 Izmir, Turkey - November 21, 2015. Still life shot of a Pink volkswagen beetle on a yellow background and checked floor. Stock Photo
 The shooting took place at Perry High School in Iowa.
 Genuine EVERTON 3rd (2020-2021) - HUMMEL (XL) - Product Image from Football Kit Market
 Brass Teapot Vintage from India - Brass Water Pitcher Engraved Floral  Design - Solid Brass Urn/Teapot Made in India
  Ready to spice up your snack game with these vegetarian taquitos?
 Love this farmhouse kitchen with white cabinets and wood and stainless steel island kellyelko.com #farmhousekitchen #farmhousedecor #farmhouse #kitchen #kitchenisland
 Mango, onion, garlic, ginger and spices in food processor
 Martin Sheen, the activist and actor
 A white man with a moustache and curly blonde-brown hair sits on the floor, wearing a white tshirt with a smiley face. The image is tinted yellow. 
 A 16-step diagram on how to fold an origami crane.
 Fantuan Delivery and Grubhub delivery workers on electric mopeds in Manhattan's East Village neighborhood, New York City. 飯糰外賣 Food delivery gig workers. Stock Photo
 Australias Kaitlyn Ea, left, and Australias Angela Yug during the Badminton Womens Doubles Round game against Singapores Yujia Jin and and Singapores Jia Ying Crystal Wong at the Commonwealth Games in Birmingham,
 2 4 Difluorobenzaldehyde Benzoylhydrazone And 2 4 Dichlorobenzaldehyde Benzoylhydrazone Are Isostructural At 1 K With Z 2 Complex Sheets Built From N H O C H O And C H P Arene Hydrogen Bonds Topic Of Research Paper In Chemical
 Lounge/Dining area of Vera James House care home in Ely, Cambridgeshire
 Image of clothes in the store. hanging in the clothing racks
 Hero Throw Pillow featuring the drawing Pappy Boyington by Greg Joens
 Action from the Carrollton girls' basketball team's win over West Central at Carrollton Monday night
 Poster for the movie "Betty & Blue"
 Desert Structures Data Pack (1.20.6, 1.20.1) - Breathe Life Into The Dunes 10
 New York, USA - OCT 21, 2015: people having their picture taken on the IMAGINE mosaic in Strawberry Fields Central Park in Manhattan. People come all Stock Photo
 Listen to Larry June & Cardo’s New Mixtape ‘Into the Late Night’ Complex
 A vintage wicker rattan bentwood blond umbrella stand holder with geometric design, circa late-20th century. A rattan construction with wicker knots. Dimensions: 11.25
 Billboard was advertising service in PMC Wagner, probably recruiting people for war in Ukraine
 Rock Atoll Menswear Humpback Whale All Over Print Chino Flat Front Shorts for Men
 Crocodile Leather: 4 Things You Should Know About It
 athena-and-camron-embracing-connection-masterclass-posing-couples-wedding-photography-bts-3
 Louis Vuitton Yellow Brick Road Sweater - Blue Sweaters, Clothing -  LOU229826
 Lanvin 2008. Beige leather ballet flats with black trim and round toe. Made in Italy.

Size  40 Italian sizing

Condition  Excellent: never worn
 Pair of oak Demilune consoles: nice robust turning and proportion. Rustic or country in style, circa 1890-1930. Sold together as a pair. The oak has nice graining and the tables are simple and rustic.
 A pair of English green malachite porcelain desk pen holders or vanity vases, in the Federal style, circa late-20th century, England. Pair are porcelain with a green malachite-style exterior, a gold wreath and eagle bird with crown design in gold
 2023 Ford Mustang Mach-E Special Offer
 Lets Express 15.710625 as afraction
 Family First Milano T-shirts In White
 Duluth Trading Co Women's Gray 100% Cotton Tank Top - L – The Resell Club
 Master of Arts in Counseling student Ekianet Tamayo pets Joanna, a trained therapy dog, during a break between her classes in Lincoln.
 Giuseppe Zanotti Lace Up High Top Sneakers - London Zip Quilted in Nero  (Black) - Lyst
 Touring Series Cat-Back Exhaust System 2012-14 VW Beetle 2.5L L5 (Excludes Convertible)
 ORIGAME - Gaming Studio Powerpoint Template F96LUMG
•••••
■ **WHAT THIS TASK INVOLVES**:
Set down the whole listing again. Keep every word as it is.

■ **WRITTEN REPLY**:
 Izmir, Turkey - November 21, 2015. Still life shot of a Pink volkswagen beetle on a yellow background and checked floor. Stock Photo
 The shooting took place at Perry High School in Iowa.
 Genuine EVERTON 3rd (2020-2021) - HUMMEL (XL) - Product Image from Football Kit Market
 Brass Teapot Vintage from India - Brass Water Pitcher Engraved Floral  Design - Solid Brass Urn/Teapot Made in India
  Ready to spice up your snack game with these vegetarian taquitos?
 Love this farmhouse kitchen with white cabinets and wood and stainless steel island kellyelko.com #farmhousekitchen #farmhousedecor #farmhouse #kitchen #kitchenisland
 Mango, onion, garlic, ginger and spices in food processor
 Martin Sheen, the activist and actor
 A white man with a moustache and curly blonde-brown hair sits on the floor, wearing a white tshirt with a smiley face. The image is tinted yellow. 
 A 16-step diagram on how to fold an origami crane.
 Fantuan Delivery and Grubhub delivery workers on electric mopeds in Manhattan's East Village neighborhood, New York City. 飯糰外賣 Food delivery gig workers. Stock Photo
 Australias Kaitlyn Ea, left, and Australias Angela Yug during the Badminton Womens Doubles Round game against Singapores Yujia Jin and and Singapores Jia Ying Crystal Wong at the Commonwealth Games in Birmingham,
 2 4 Difluorobenzaldehyde Benzoylhydrazone And 2 4 Dichlorobenzaldehyde Benzoylhydrazone Are Isostructural At 1 K With Z 2 Complex Sheets Built From N H O C H O And C H P Arene Hydrogen Bonds Topic Of Research Paper In Chemical
 Lounge/Dining area of Vera James House care home in Ely, Cambridgeshire
 Image of clothes in the store. hanging in the clothing racks
 Hero Throw Pillow featuring the drawing Pappy Boyington by Greg Joens
 Action from the Carrollton girls' basketball team's win over West Central at Carrollton Monday night
 Poster for the movie "Betty & Blue"
 Desert Structures Data Pack (1.20.6, 1.20.1) - Breathe Life Into The Dunes 10
 New York, USA - OCT 21, 2015: people having their picture taken on the IMAGINE mosaic in Strawberry Fields Central Park in Manhattan. People come all Stock Photo
 Listen to Larry June & Cardo’s New Mixtape ‘Into the Late Night’ Complex
 A vintage wicker rattan bentwood blond umbrella stand holder with geometric design, circa late-20th century. A rattan construction with wicker knots. Dimensions: 11.25
 Billboard was advertising service in PMC Wagner, probably recruiting people for war in Ukraine
 Rock Atoll Menswear Humpback Whale All Over Print Chino Flat Front Shorts for Men
 Crocodile Leather: 4 Things You Should Know About It
 athena-and-camron-embracing-connection-masterclass-posing-couples-wedding-photography-bts-3
 Louis Vuitton Yellow Brick Road Sweater - Blue Sweaters, Clothing -  LOU229826
 Lanvin 2008. Beige leather ballet flats with black trim and round toe. Made in Italy.

Size  40 Italian sizing

Condition  Excellent: never worn
 Pair of oak Demilune consoles: nice robust turning and proportion. Rustic or country in style, circa 1890-1930. Sold together as a pair. The oak has nice graining and the tables are simple and rustic.
 A pair of English green malachite porcelain desk pen holders or vanity vases, in the Federal style, circa late-20th century, England. Pair are porcelain with a green malachite-style exterior, a gold wreath and eagle bird with crown design in gold
 2023 Ford Mustang Mach-E Special Offer
 Lets Express 15.710625 as afraction
 Family First Milano T-shirts In White
 Duluth Trading Co Women's Gray 100% Cotton Tank Top - L – The Resell Club
 Master of Arts in Counseling student Ekianet Tamayo pets Joanna, a trained therapy dog, during a break between her classes in Lincoln.
 Giuseppe Zanotti Lace Up High Top Sneakers - London Zip Quilted in Nero  (Black) - Lyst
 Touring Series Cat-Back Exhaust System 2012-14 VW Beetle 2.5L L5 (Excludes Convertible)
 ORIGAME - Gaming Studio Powerpoint Template F96LUMG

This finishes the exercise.